The causative genes for autosomal dominantly inherited familial adenomatous polyposis (FAP) and hereditary nonpolyposis colorectal cancer have been well characterized. There is, however, another 10% to 15% of early onset colorectal cancers (CRC) in which the genetic components are unclear. In this study, we used microarray technology to systematically search for differentially expressed genes in early onset CRC.


Young patients with non-FAP or non-hereditary nonpolyposis colorectal cancer, and healthy controls were age- (<or=50 years old), ethnicity- (Chinese), and tissue-matched. RNAs extracted from colonic mucosa specimens were analyzed using GeneChip U133-Plus 2.0 Array.


Seven genes, CYR61, UCHL1, FOS, FOS B, EGR1, VIP, and KRT24, were consistently up-regulated in the mucosa of all six patients compared with the mucosa from four healthy controls. The overexpression of these genes was independently validated with a testing set of six patients and six healthy controls. Principal component analysis clustered the healthy control specimens separately from the patient specimens. Real-time PCR quantification with SYBR-Green on nine other patient specimens not previously used in microarray assays confirmed the up-regulation of these seven genes. These genes function in a multitude of biological processes ranging from transcription, angiogenesis, adhesion, and inflammatory regulation to protein catabolism in various cellular compartments, from extracellular to the nucleus.
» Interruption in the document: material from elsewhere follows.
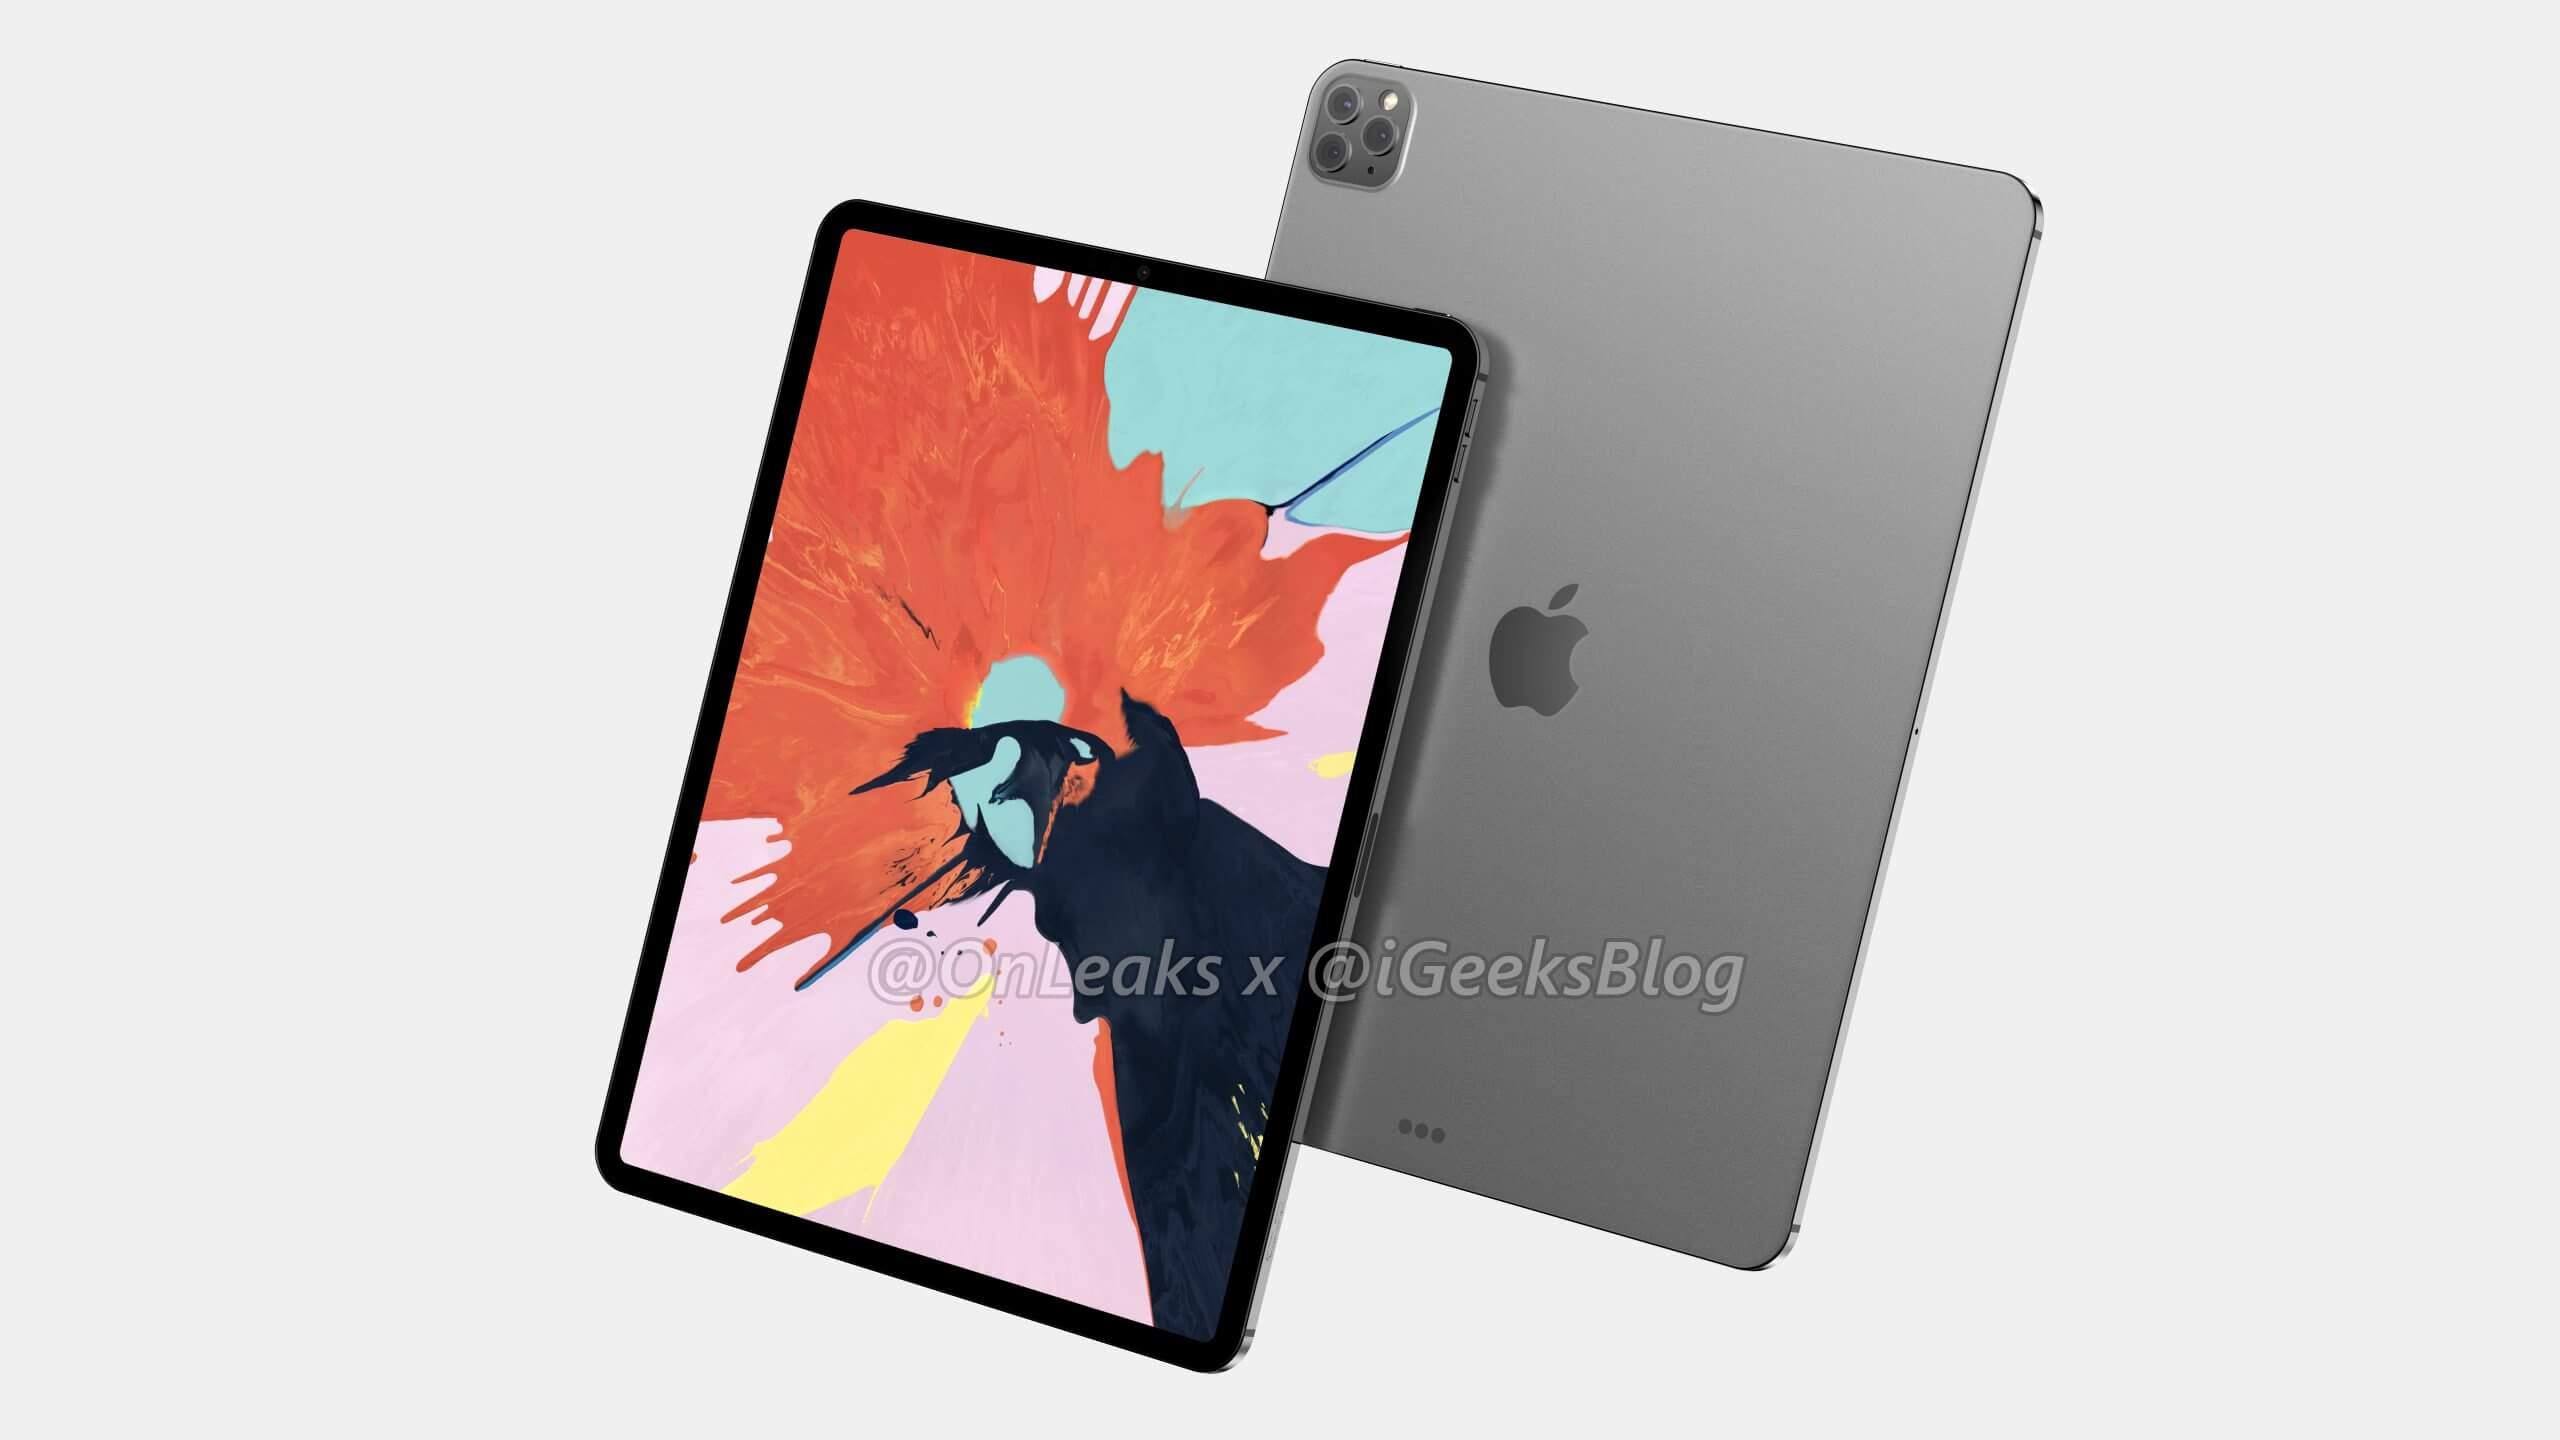 New render show 2020 12.9-inch iPad Pro

They integrate known tumorigenesis (Wnt, PI3K, MAP kinase, hypoxia, G protein-coupled receptor), neurologic, insulin-signaling, and NFAT-immune pathways into an intricate biological network.


The data suggest that the patient's mucosa is primed for tumorigenesis when cellular homeostasis is disrupted, and that the seven overexpressed genes could potentially predict early onset CRC.